» **WORK INSTRUCTION**: Your reply should contain nothing except the lines from the one with "フレーム囲い枠のイラストno377額縁フレーム白無料のフリー素材集" through the end of the listing below, reproduced exactly and stripped of pictures.

» **GIVEN MATERIAL**:

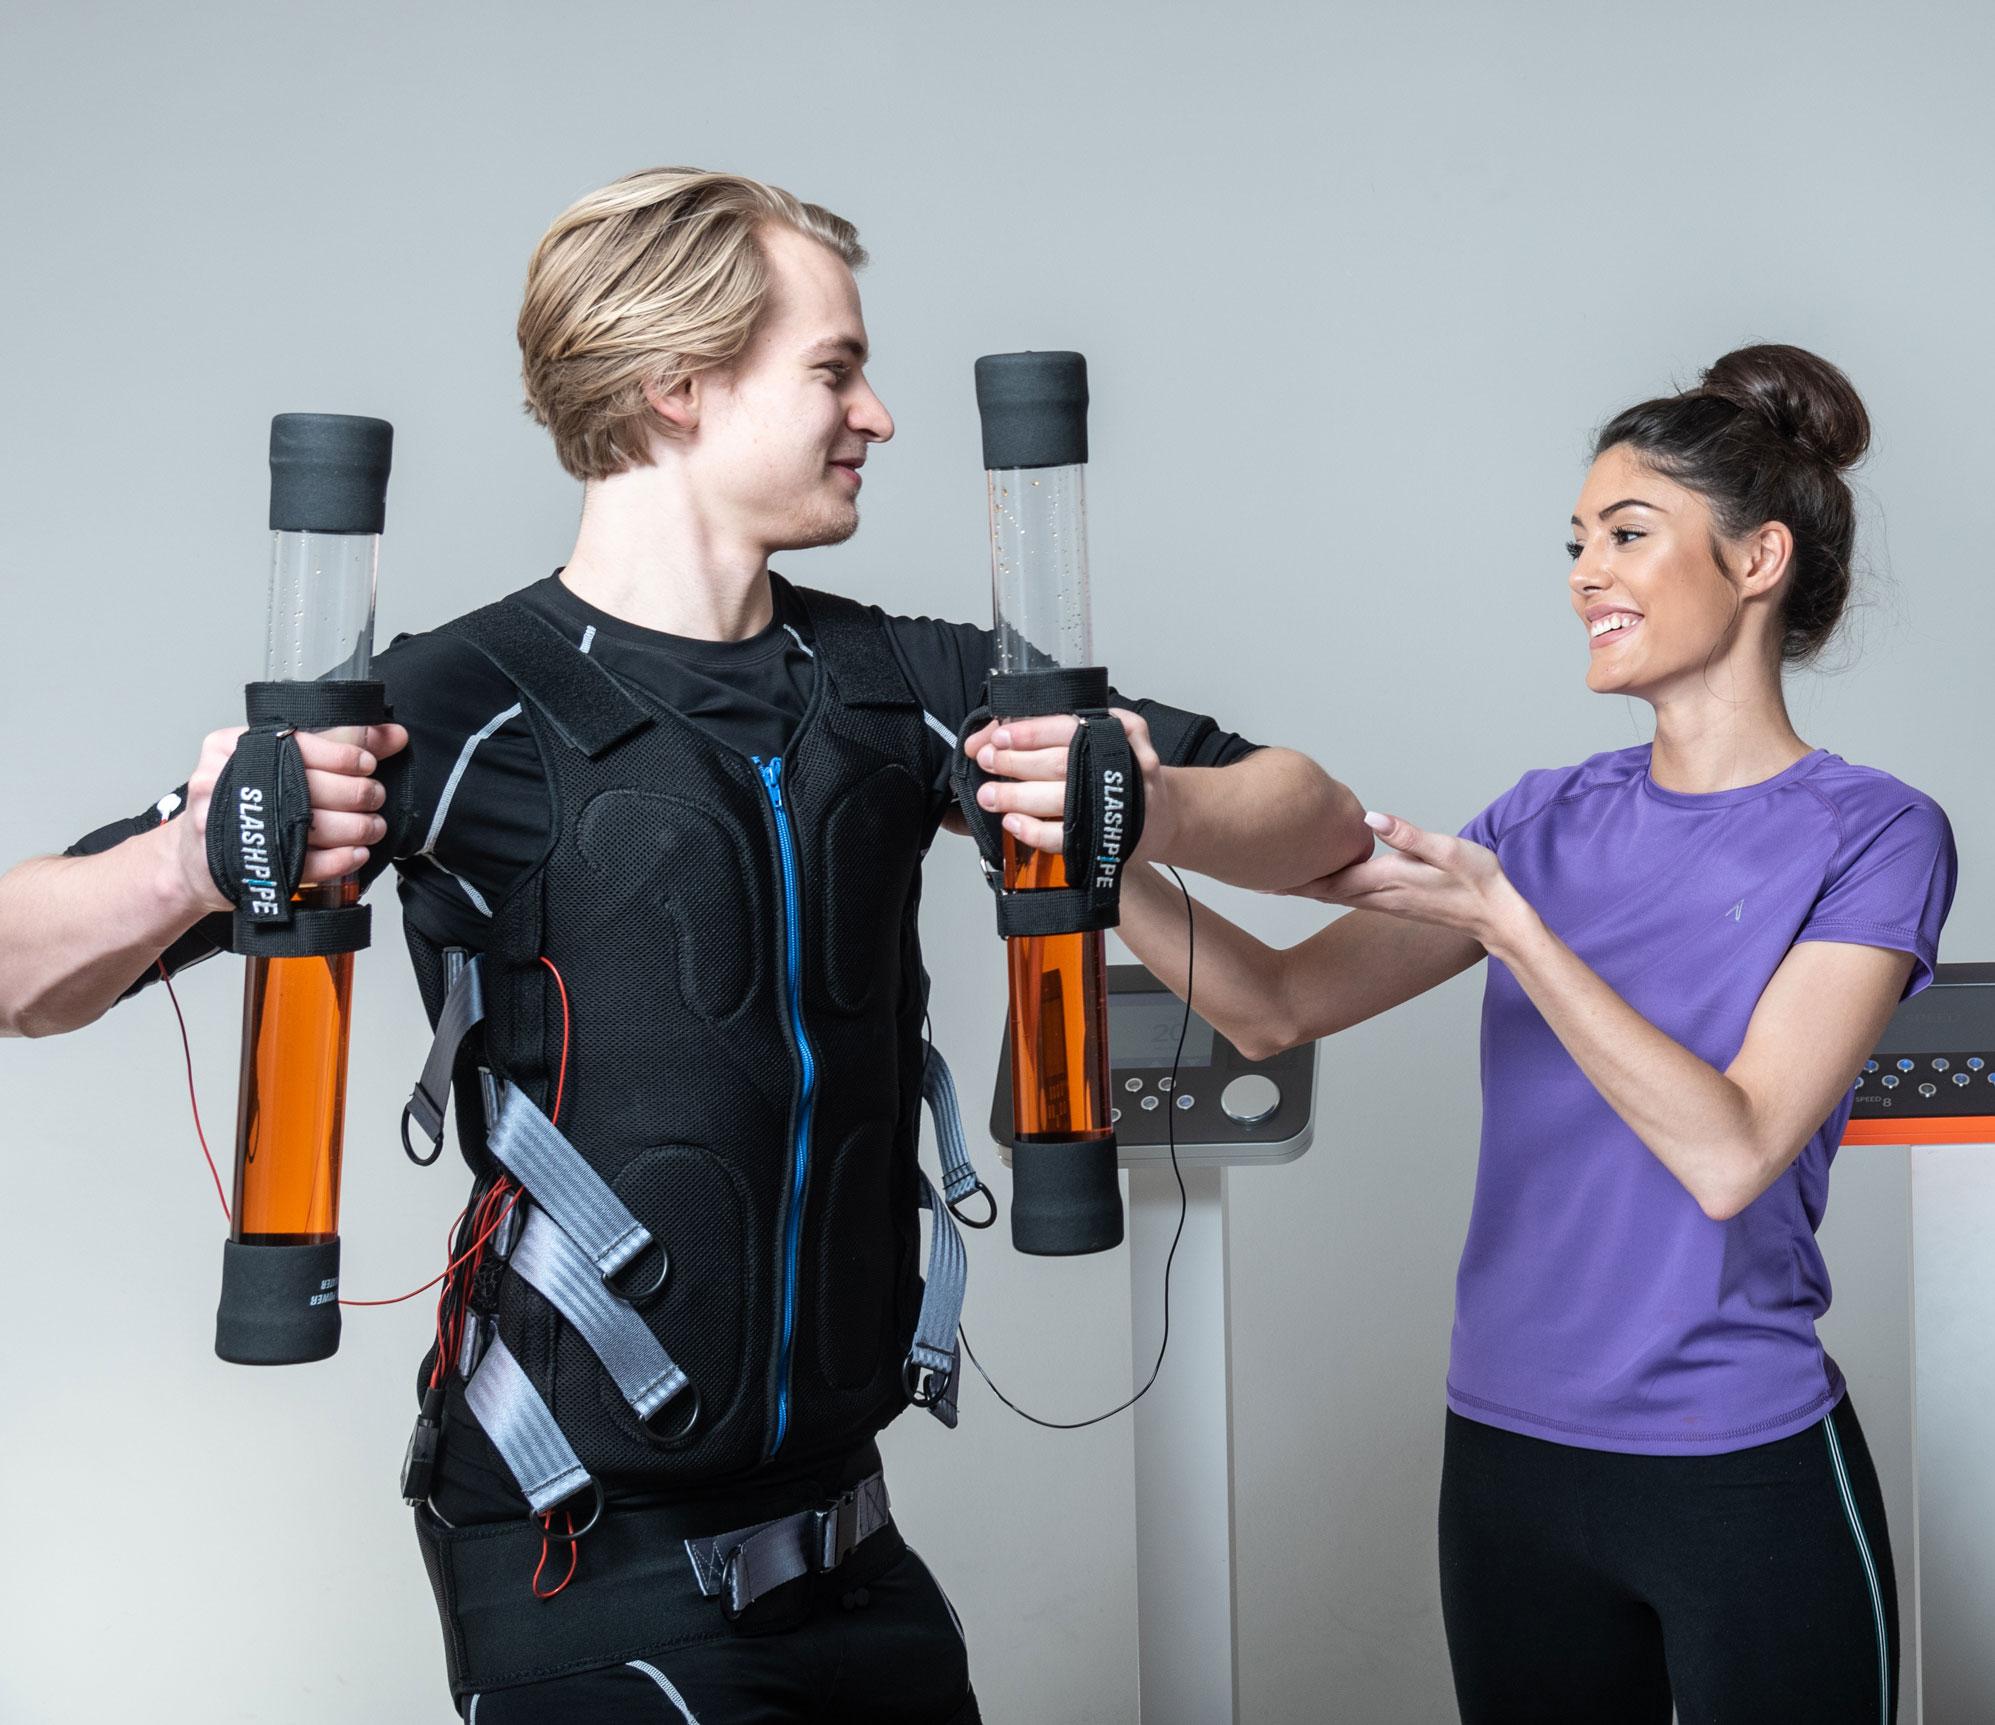 Trainerin unterstützt beim EMS Training zum Muskelaufbau.
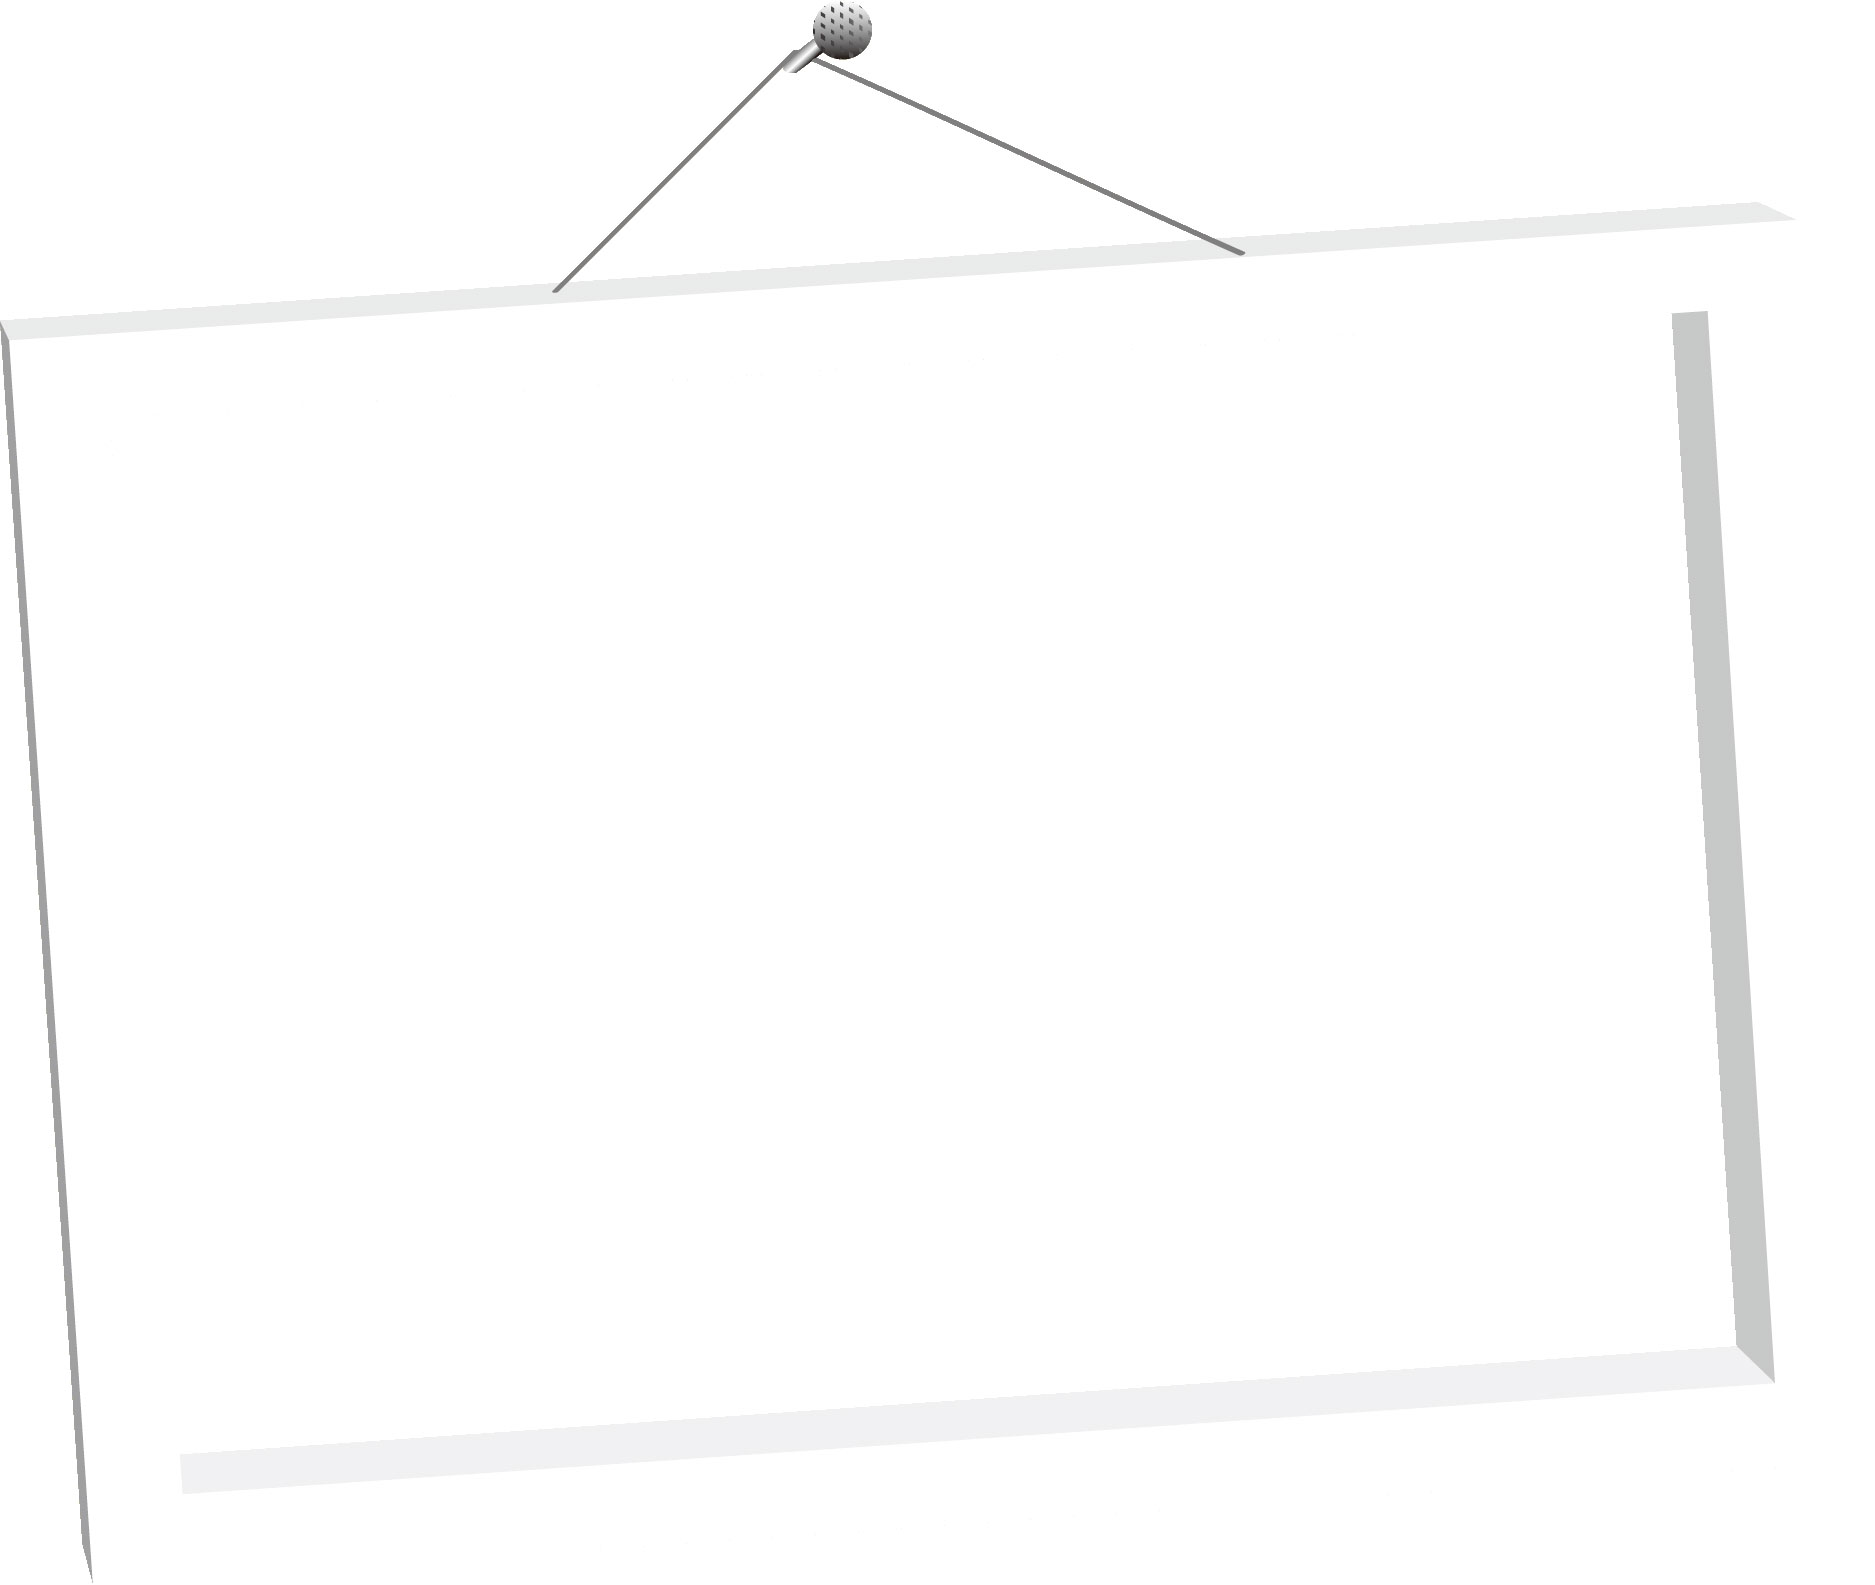 フレーム囲い枠のイラストno377額縁フレーム白無料のフリー素材集
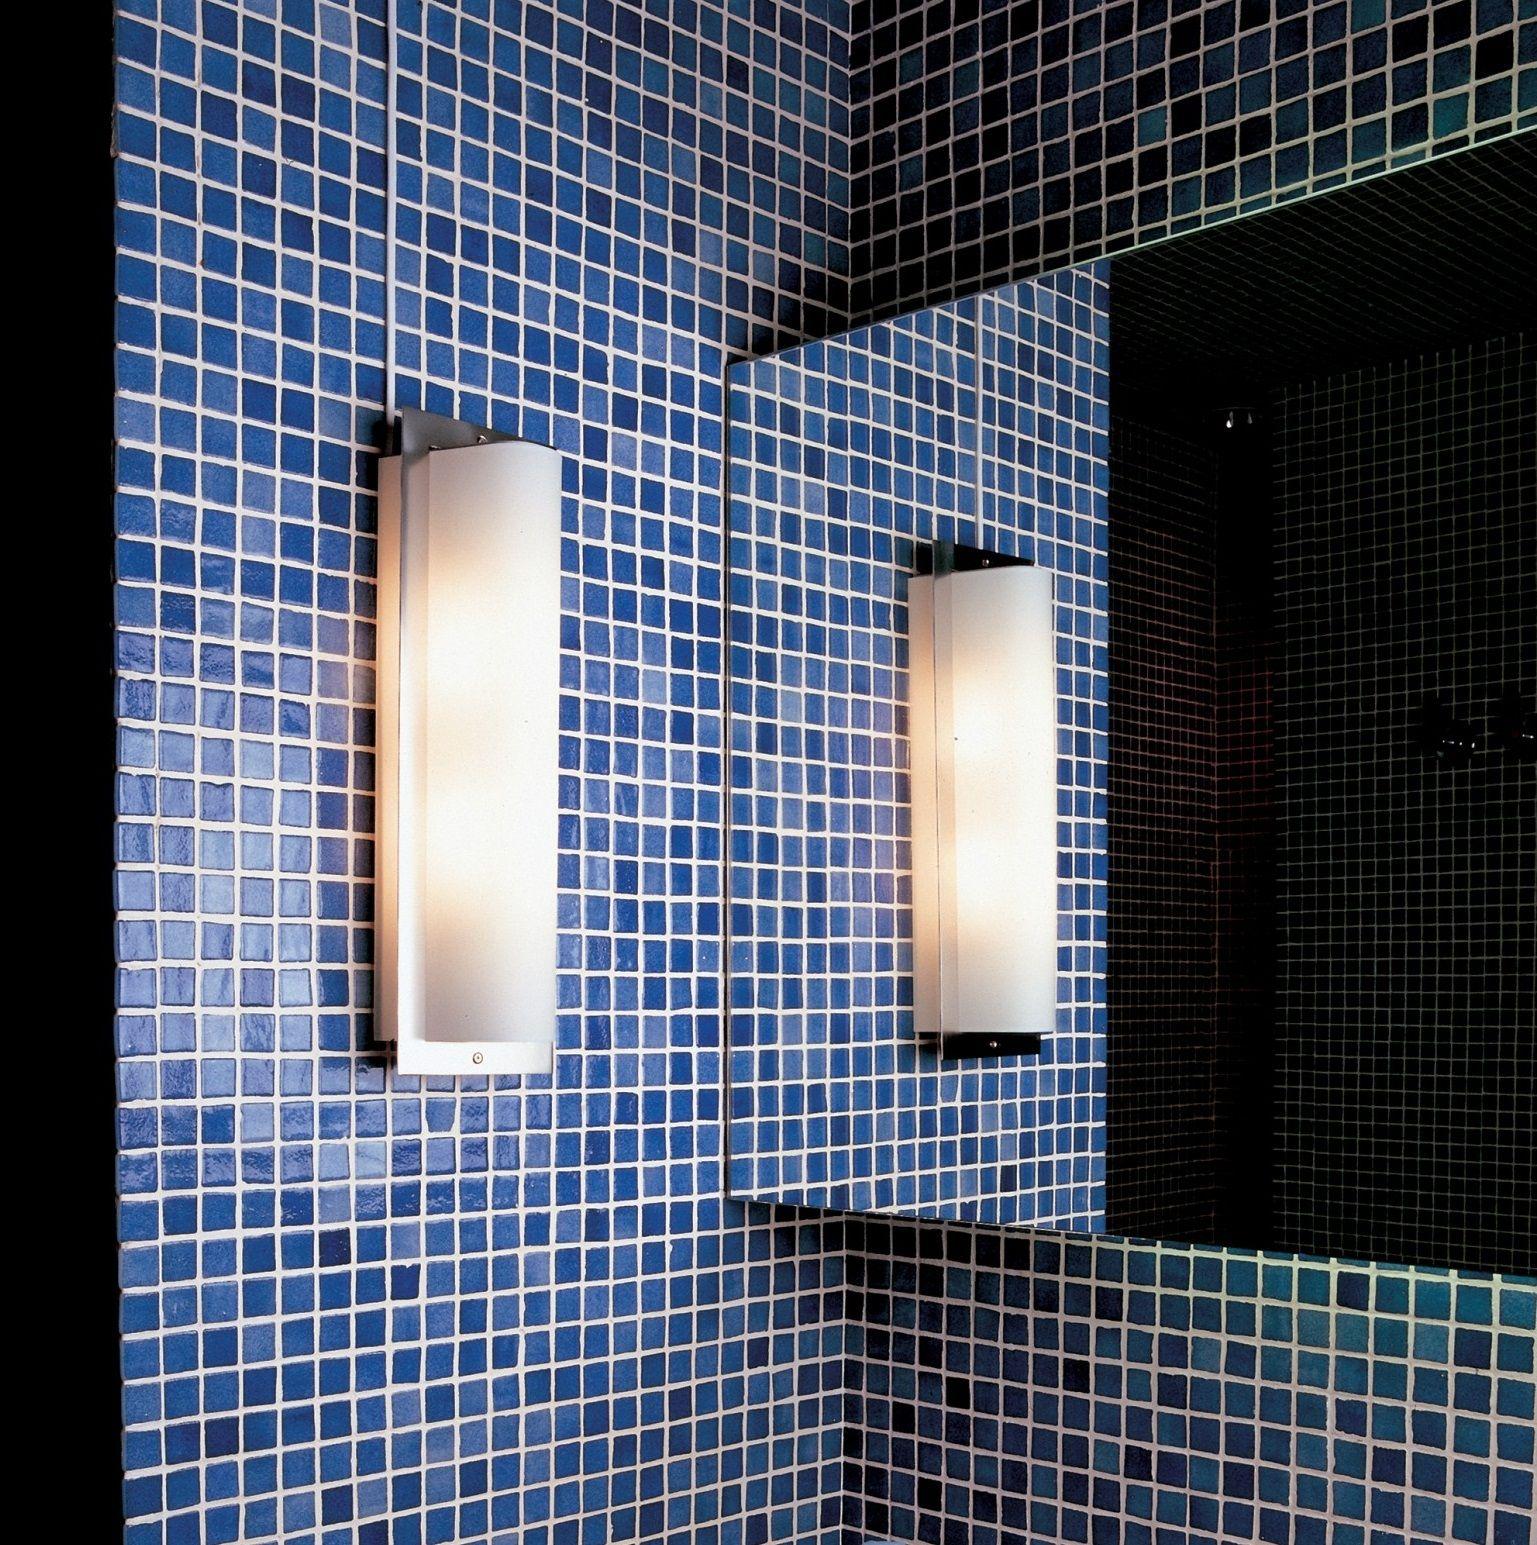 Résultat Supérieur 50 Beau Applique Murale Salle De Bain Design

» **WRITTEN ANSWER**:
 フレーム囲い枠のイラストno377額縁フレーム白無料のフリー素材集
 Résultat Supérieur 50 Beau Applique Murale Salle De Bain Design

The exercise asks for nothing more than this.